What I Keep, What I Let Go
December 15, 2019 2 min read

At the end of 2019, I did a quiet audit of my life — my desk, my digital files, even my thoughts.
It wasn’t about “decluttering” in the trendy sense. It was about noticing the quiet weight of things that no longer served me.
I opened folders full of half-finished projects. Ideas I once thought were urgent now looked like artifacts from a different version of myself.
Emails saved “for reference.” Screenshots of things I would never revisit.
I saw, for the first time, how much mental real estate these forgotten fragments were occupying.
Letting go wasn’t difficult because of sentimentality — it was difficult because every item was a story I hadn’t finished telling.
I kept convincing myself I’d get back to them “someday.”
But someday is a word that buries the present.
So I started asking one question:
“If I let this go, what space will it create?”
The answers surprised me.
When I deleted old code snippets, I made space for cleaner ideas.
When I cleared old camera rolls, I noticed patterns — the kind of photos I kept taking, the light I always chased.
When I recycled unused gear and cleared physical clutter, the air literally felt lighter.

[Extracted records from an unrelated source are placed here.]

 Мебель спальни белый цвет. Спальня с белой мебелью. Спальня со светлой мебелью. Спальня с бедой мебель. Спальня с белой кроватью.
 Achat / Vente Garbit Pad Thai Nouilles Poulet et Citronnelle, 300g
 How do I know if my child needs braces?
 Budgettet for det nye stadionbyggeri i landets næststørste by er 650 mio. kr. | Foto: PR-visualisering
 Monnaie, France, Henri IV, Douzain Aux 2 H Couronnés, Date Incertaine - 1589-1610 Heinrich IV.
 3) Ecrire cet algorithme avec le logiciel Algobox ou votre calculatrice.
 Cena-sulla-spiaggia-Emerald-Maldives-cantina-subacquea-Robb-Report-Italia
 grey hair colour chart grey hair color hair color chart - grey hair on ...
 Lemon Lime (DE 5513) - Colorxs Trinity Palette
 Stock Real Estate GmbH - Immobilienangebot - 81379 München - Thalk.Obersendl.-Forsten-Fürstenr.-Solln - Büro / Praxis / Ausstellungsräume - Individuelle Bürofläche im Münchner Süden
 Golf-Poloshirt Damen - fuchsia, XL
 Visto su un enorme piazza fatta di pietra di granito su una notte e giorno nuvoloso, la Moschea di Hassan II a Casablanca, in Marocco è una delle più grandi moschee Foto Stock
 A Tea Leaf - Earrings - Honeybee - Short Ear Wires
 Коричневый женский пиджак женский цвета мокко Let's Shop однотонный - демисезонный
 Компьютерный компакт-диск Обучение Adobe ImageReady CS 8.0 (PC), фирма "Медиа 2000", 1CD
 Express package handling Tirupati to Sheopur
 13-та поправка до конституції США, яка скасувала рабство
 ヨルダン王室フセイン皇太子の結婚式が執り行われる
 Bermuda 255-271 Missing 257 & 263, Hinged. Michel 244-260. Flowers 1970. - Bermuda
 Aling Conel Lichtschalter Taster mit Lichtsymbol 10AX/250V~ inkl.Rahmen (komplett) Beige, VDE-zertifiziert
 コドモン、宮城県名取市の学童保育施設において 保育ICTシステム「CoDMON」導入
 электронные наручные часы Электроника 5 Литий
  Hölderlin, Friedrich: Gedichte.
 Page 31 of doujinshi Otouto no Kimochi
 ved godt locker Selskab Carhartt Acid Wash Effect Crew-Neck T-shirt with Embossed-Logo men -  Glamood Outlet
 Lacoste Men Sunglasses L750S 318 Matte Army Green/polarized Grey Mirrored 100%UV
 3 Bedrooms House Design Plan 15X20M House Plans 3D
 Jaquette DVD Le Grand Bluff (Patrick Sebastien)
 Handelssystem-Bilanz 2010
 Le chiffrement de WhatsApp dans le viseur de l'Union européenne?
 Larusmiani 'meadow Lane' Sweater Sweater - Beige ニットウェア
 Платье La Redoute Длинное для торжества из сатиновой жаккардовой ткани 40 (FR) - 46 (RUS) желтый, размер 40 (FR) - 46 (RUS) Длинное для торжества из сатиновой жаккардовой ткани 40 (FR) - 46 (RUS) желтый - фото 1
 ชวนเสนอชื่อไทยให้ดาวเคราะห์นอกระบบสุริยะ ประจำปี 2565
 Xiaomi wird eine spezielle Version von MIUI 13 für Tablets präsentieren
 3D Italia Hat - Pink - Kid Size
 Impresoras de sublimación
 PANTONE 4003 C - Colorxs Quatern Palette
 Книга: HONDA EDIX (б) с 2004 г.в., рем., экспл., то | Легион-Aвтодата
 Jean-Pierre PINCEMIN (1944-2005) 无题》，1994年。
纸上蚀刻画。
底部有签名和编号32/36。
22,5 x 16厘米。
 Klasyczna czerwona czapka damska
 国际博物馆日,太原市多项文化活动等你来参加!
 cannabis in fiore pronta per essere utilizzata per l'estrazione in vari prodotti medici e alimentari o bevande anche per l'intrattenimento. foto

I realized that minimalism isn’t just about owning less — it’s about carrying less psychologically.
Every digital folder and box under the bed represented a small fragment of deferred emotion — tiny commitments that whispered “you still owe me attention.”
Letting go became a way to reclaim attention.
I didn’t keep only the beautiful or useful things.
Some things stayed simply because they still meant something — a letter from my daughter, a camera that taught me to see, a notebook full of messy ideas that still felt alive.
What remained started to feel like a map — a record of what still defines me, stripped of what doesn’t.
That process became a quiet ritual I now repeat every year: open, review, release.
Not as a performance of tidiness, but as a reminder that freedom doesn’t come from control.
It comes from clarity.

Every choice to keep something is also a choice to carry it.
And sometimes, the heaviest things are the ones we refuse to name.